Jaigad Fort is a mere 35 kilometres away, an archaeological marvel that time and poor maintenance have done very little to diminish the
splendour of the fort. With the sea on three sides, Jaigad is one of the most visually spectacular destinations in Mahrashtra. What’s
lacking though is any attempt at giving the place a historical context.
For a traveller spoiled by the European and American tendency towards guided tours that are chockfull of trivia and history, it’s a bit odd
having to walk around and rely on conjecture and a DIY approach to figure out the how’s and why’s of the place.
It could be argued though that the lack of explanation leaves nothing to distract one from the sheer impact of the fort, and its ramparts
that overlook the sea.
Ganapatipule is among the few places where hotels by and large still focus on the local cuisine and have mostly not been pummelled into
an indistinguishable mix of South Indian, Chinese and Punjabi food. Modaks stuffed with a jaggery and coconut filling, freshly brewed
kokum sherbet/solkadi, distinctly flavoured vegetarian fare and a fairly extensive seafood menu are all exclusive to the place.
One eccentricity of all the restaurants that outsiders will have to adjust to is the fact that not everything is available all the time — items on
the breakfast menu for instance cannot be had as an after -dinner snack.

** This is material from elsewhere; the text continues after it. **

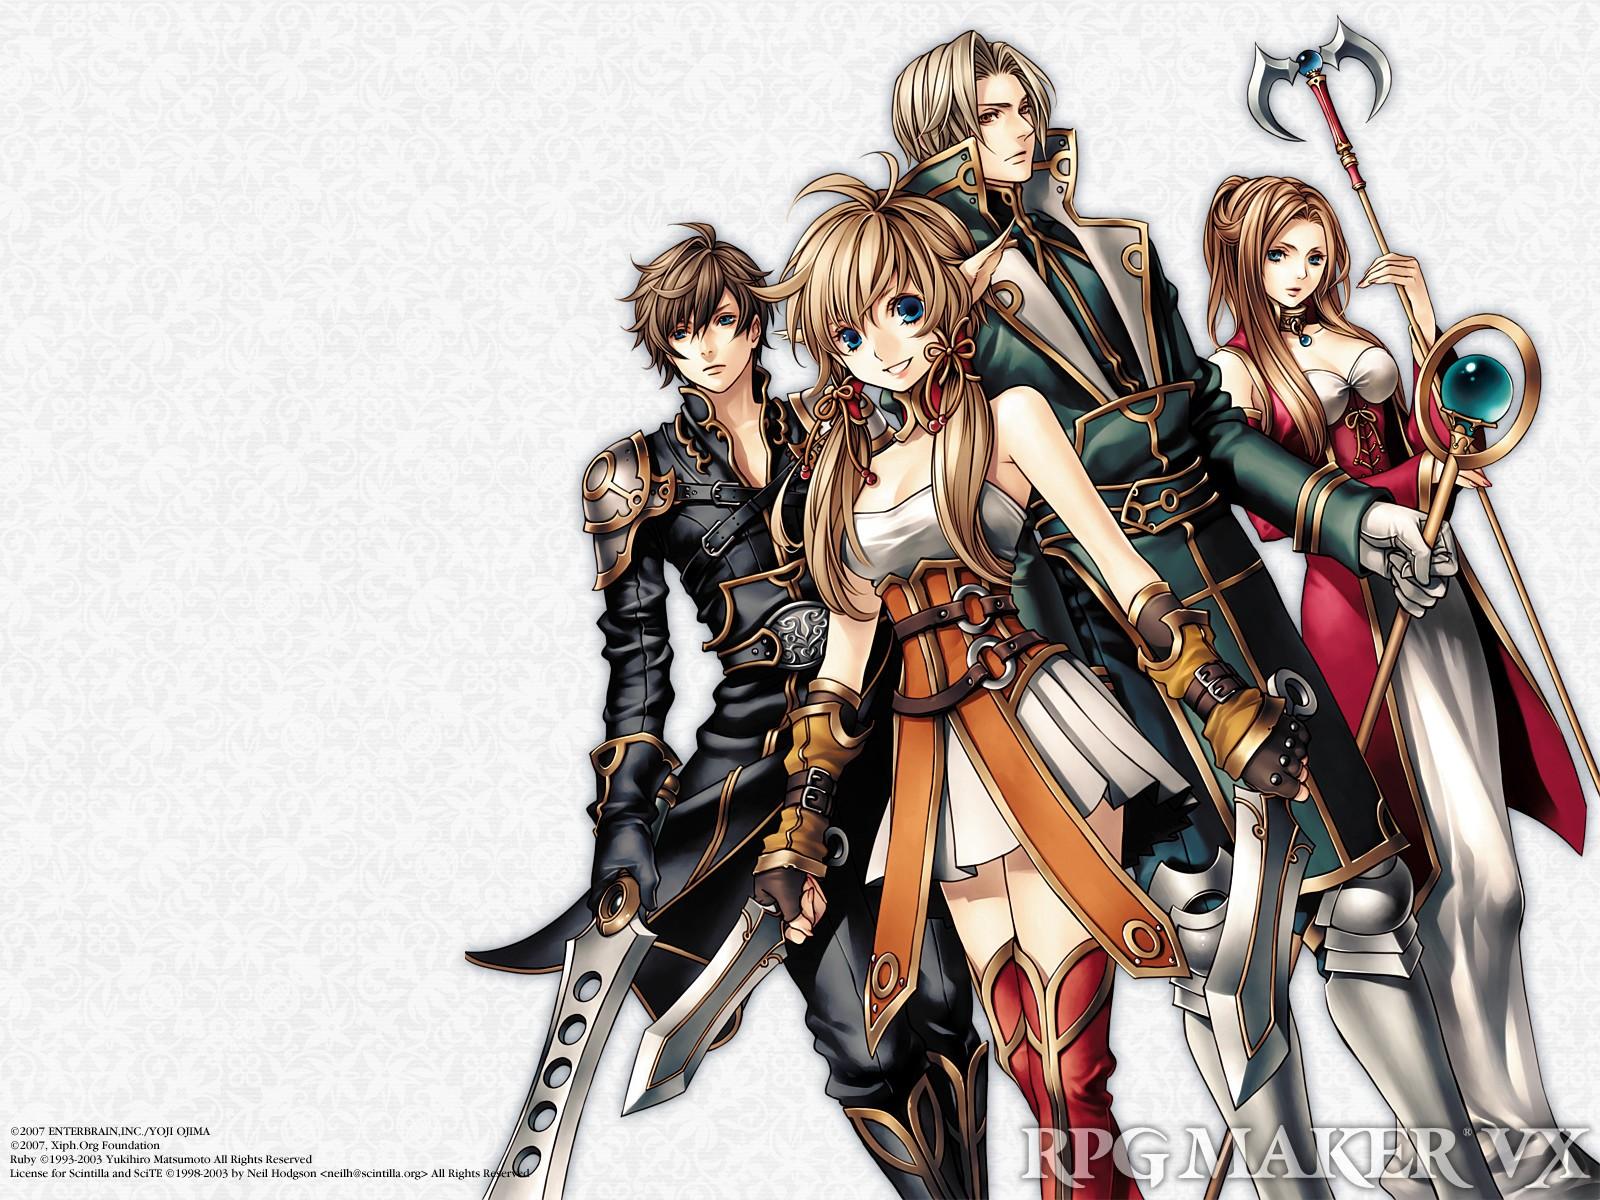 Wallpaper : anime, comics, Person, RPG Maker, sketch

A mere eight hour drive from Mumbai, and well connected by buses from Ratnagiri, Ganapatipule is the perfect destination for a stressfree
weekend where the lack of an overwhelming number of tourist attractions enforces a lazy relaxed pace
(http://economictimes.indiatimes.com/ET_Features/The_Sunday_ET/As_You_Like_It/Explore_the_natural_beauty_of_Ganpatiphule_beach/articleshow/2714465.cms)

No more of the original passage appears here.